Mercedes w kawałkach, silnik i elektryczny rower. Podróżni mają fantazję
Do niecodziennego zdarzenia doszło pod koniec marca na pieszym przejściu granicznym w Medyce. Podczas kontroli przyłapano 35-letniego obywatela Ukrainy, który usiłował przenieść z Polski do Ukrainy drzwi i pokrywę bagażnika do samochodu marki Mercedes GLE 350. Tłumaczył się tym, że uznał je za bezwartościowy złom, który kupił na autoszrocie.
Może i byłyby to bezwartościowe przedmiody, gdyby nie uzasadniona podejrzliwość funkcjonariuszy Straży Granicznej. Podzespoły te, zapakowane w papierowe pudła, mogły pochodzić z przestępstwa. Pogranicznicy sprawdzili dane identyfikacyjne owych części. Okazało się, że pochodzą one ze skradzionego w Wielkiej Brytanii mercedesa – poszukiwanego od roku w całej Europie.
Jednak najbardziej ,,nieszablonowym” okazał się pewien Ukrainiec, który w ubiegłym roku chciał pokonać przejście graniczne z… półtonowym silnikiem ze skradzionego samochodu, który przewoził na wózku towarowym.
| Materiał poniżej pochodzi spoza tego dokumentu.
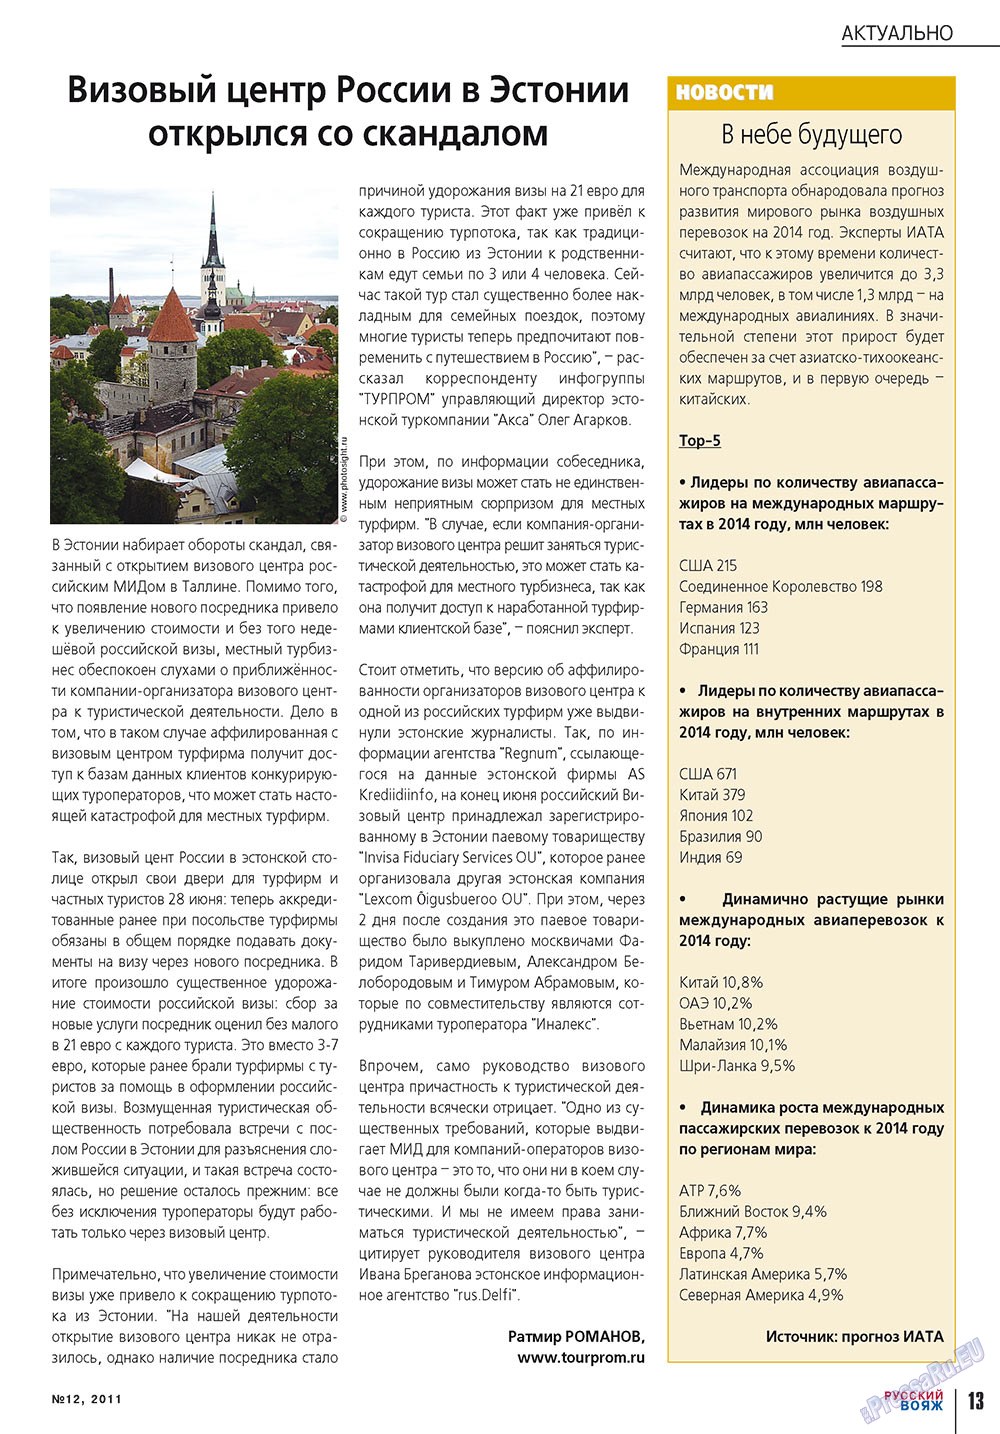 Русский вояж, журнал. 2011 №12 стр.13

Co ciekawe, to nie pierwszy tego typu nietypowy bagaż, który próbował przekroczyć granicę w ostatnim czasie. 8 lutego . zatrzymano młodzieńca, który chciał dostać się z Polski na Ukrainę rowerem elektrycznym. Twierdził, że jednoślad jest pożyczony od kolegi, ale po tym jak odnaleziono rower na liście kradzionych rzeczy, przyznał się do winy. Wartość roweru to ok. 8 tys. złotych.